PROMPT. Whenever a picture appears in the listing below, leave it out, and copy exactly the lines from the one containing "Spring Festival notice" through the end.

GIVEN DATA.
━━━━━━

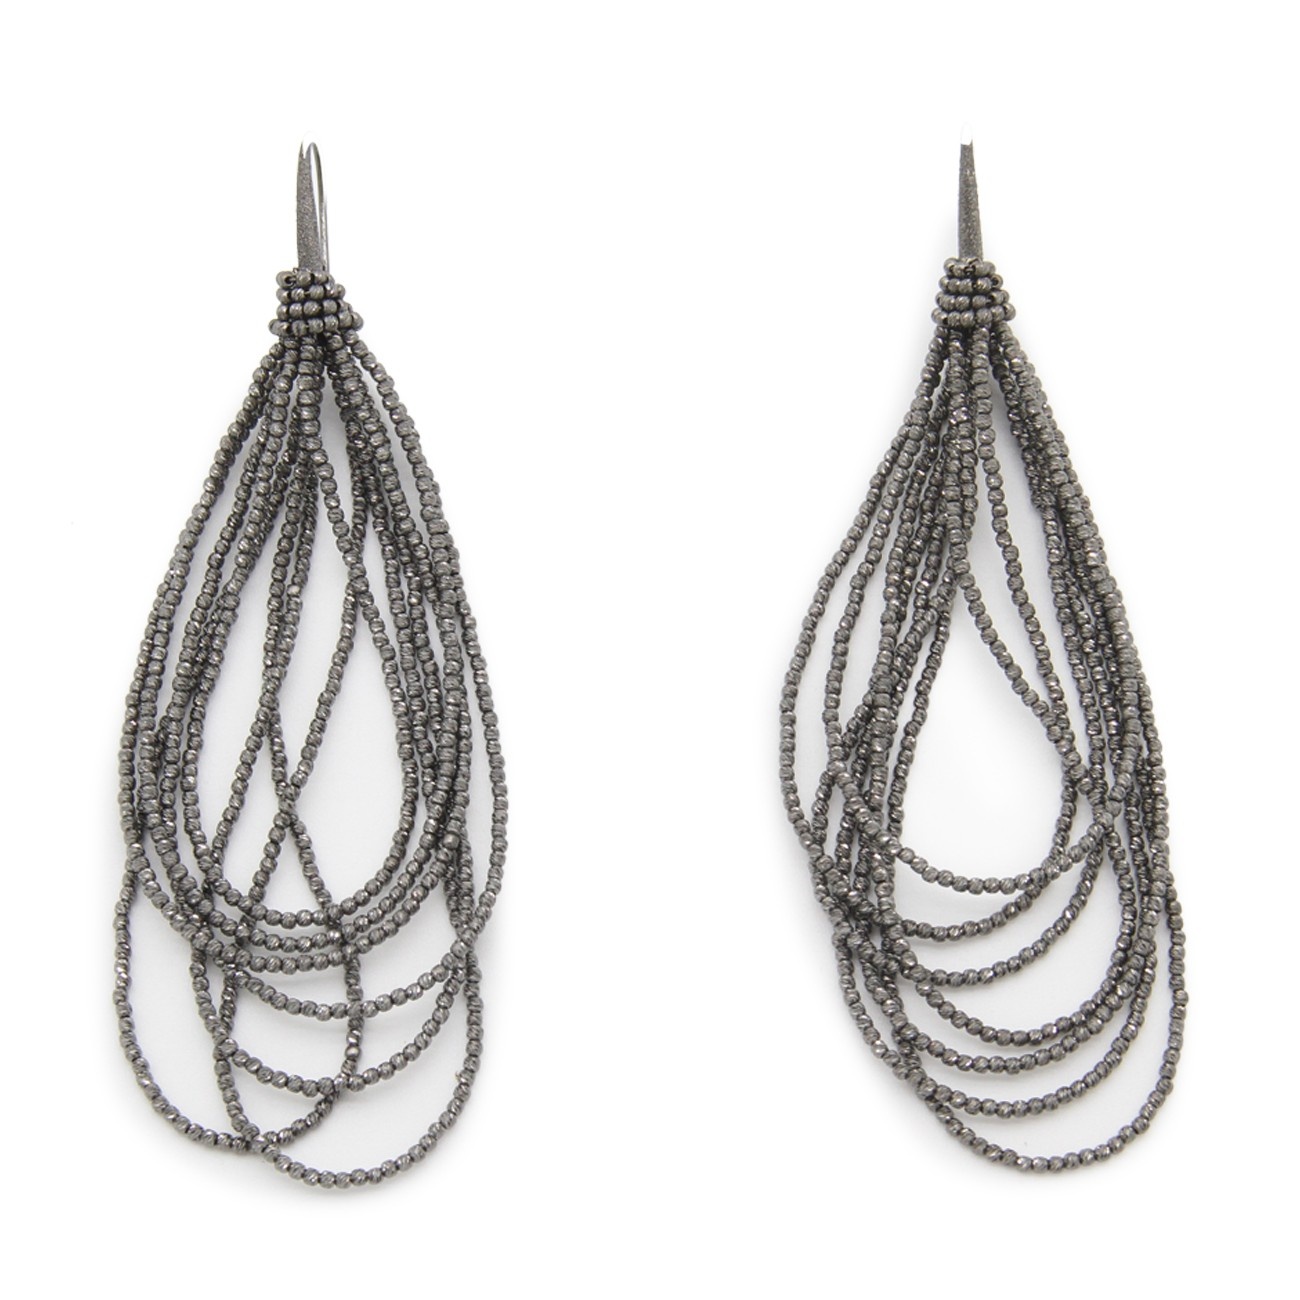 silver tone metal earrings - 1
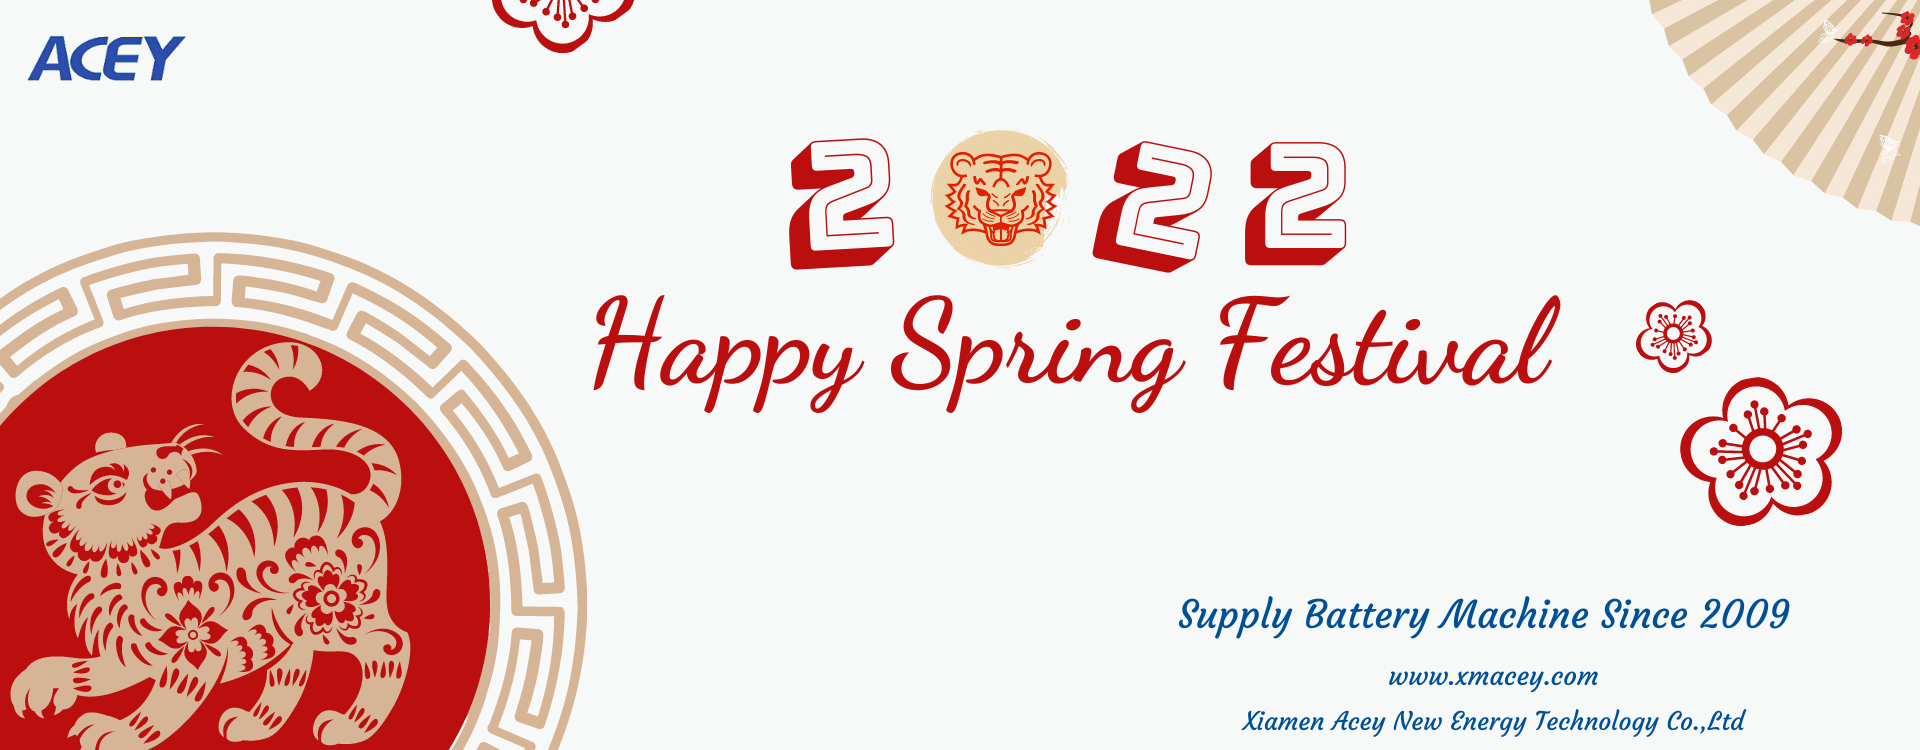 Spring Festival notice
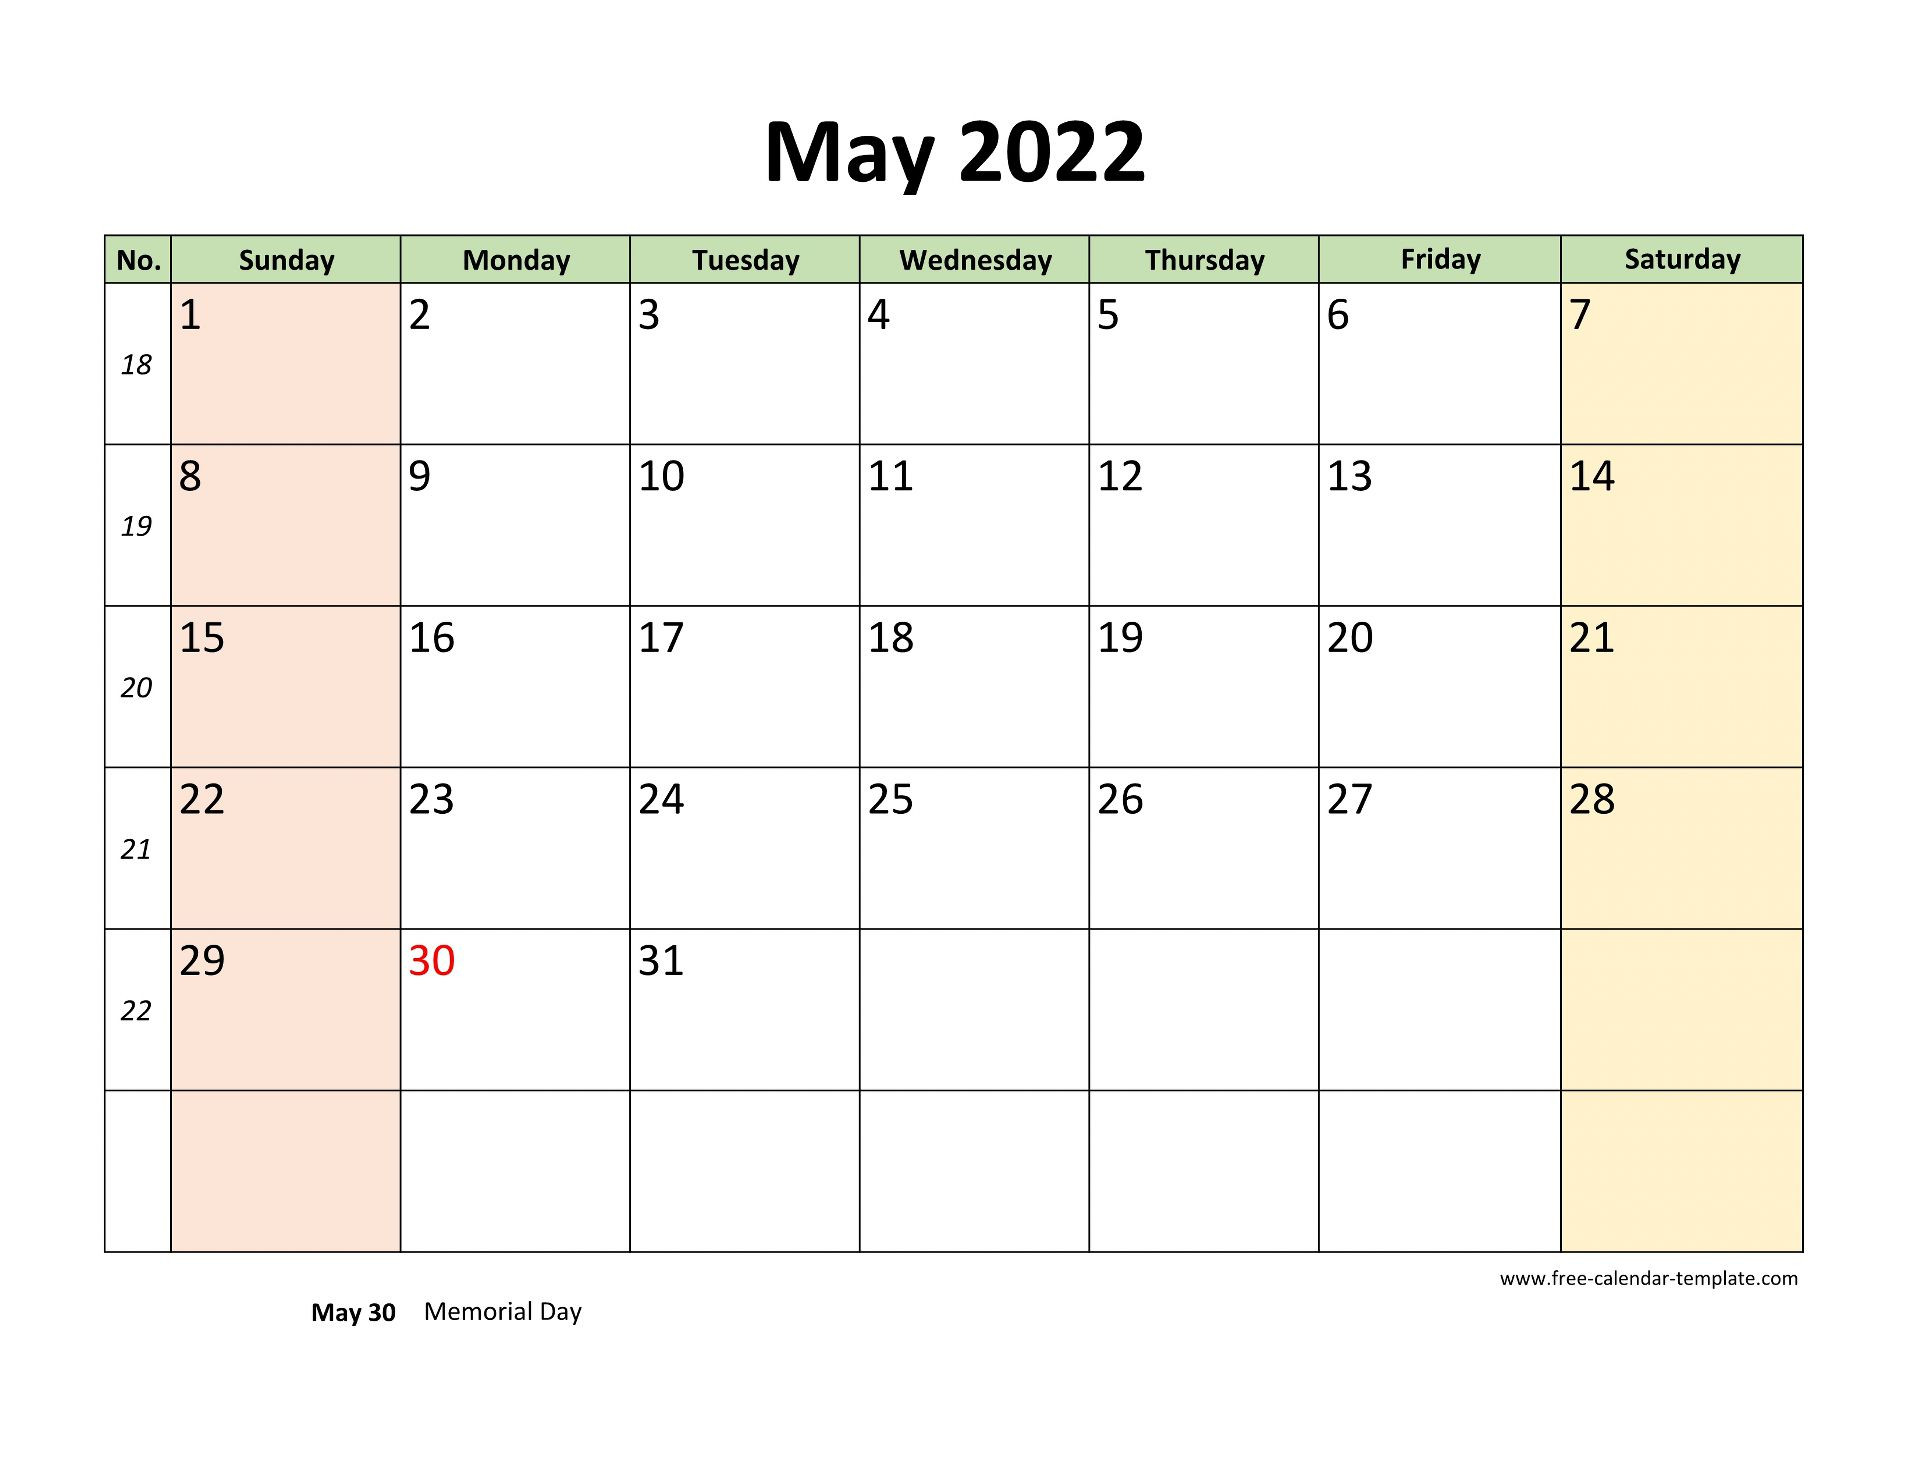 May 2022 Free Calendar Tempplate | Free-Calendar-Template  May 2022 Calendar Printable

━━━━━━

OUTPUT.
 Spring Festival notice
 May 2022 Free Calendar Tempplate | Free-Calendar-Template  May 2022 Calendar Printable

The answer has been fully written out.